Jessica
Vozel
Read Jessica's bio and previous columns here
April 27, 2009
What The Biggest
Loser and the Bush Administration Have in Common
A
footnote that was included as part of the Bush torture memos uses this
justification for starvation techniques employed for the purpose of
information gathering: “. . . we note that widely available commercial
weight-loss programs in the United States employ diets of 1,000 kcal/day
for sustained periods of weeks or longer without requiring medical
supervision. While we do not equate commercial weight loss programs and
this interrogation technique, the fact that these calorie levels are
used in the weight-loss programs, in our view, is instructive in
evaluating the medical safety of the interrogation technique.”
This quote is a flawless example of two things: One, the way the Bush
Administration viewed torture, and two, the way our society has been
conditioned to think about dieting.
First – and this seems strikingly obvious – people do a lot of things
voluntarily that could hurt their bodies, and do it without medical
supervision. They shoot heroin, they inflict self-harm in the form of
cutting, they have unprotected sex, they go to tanning beds and fry
their skin. Does this mean raping prisoners, injecting them with drugs,
forcing them into casket-like devices and blasting them with UV rays is
an ethical way to torture, too? Voluntary self-harm is problematic in
its own way in terms of one’s mental health and well-being, but when
detainees are forced into it, another dimension is added that
cannot be overlooked.
The Bush Administration hoped to trivialize their torture techniques by
looking to commercial diet plans, but such a comparison also leads one
to consider that, because 1,000 calories a day was employed as a means
of torture, the human body will suffer if it is subjected to such
methods, even if voluntarily. Mentally, it’s not the same as being
forced to starve. But physically, the effects are likely quite similar.

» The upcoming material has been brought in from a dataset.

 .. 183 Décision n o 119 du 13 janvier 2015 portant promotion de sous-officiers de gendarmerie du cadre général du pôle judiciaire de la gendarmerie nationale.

And yet we do it all the time. In fact, fat people are told that if they
don’t do it, then they are killing themselves, or at least
“letting themselves go.”
Never mind that no conclusive study has ever proven that fat people eat
disproportionately more than thin people and thus need to drastically
reduce the amount of food they take in, or that fat is invariably
unhealthy and thin healthy. Additionally, no study has ever proven that
dieting works for more than 5 percent of dieters, and more often leads
to the dieter gaining back additional weight because of the body’s
survival responses. Deprive the body of calories long enough, and it
will begin to more readily store those calories as fat.
The conventional wisdom, of course, suggests otherwise – that failing to
lose weight and keep it off is a failure of personal motivation, not
genetics. But think about yourself or people around you who have lost a
noticeable amount of weight. How many of them have kept it off for more
than five years? If you don’t know anyone personally, think about the
contestants on the television show The Biggest Loser, who
are subjected to torture-like conditions – severe calorie depravation
and four-to-six hours a day of exercise. Once returning home, many
regain, including winner Erik Chopin, who went on Oprah to tell
his story (although he didn’t blame the Biggest Loser’s
conditions for his inevitable regain).
During World War II, Dr. Ancel Keyes of the University of Minnesota
conducted a study about the effects of starvation on the human body to
better determine how to aid the millions around the world affected by
war-time food shortages. The study was called the Minnesota Starvation
Study and followed 40 male volunteers who subsisted on 1,600 calories a
day for three months. That’s right – 1,600 calories, more than
many diet plans subscribe. The effects were plenty – diminished
reflexes, metabolic rates and heart volume; impaired judgment and
comprehension; dizziness; ringing in the ears; their pulses slowed and
their body temperatures dropped.
Perhaps most significantly, the participants became obsessed with food
and eating: They hoarded things, they talked amongst each other about
food all the time, and hunger became the most important part of their
lives, at the expense of social relationships and careers. Once they
returned to normal eating patterns, their appetites had increased
dramatically and many claimed they did not feel full no matter how much
food they consumed. All after three months of dieting.
The truth is that the “commercial weight loss programs” the Bush
Administration cited (as if, because something is commercial, it must be
ethical) thrive on insecurity, and that insecurity must be perpetuated
to keep selling the product. No human body deserves starvation. Not
detainees, and not the rest of us.
© 2009
North Star Writers Group. May not be republished without permission.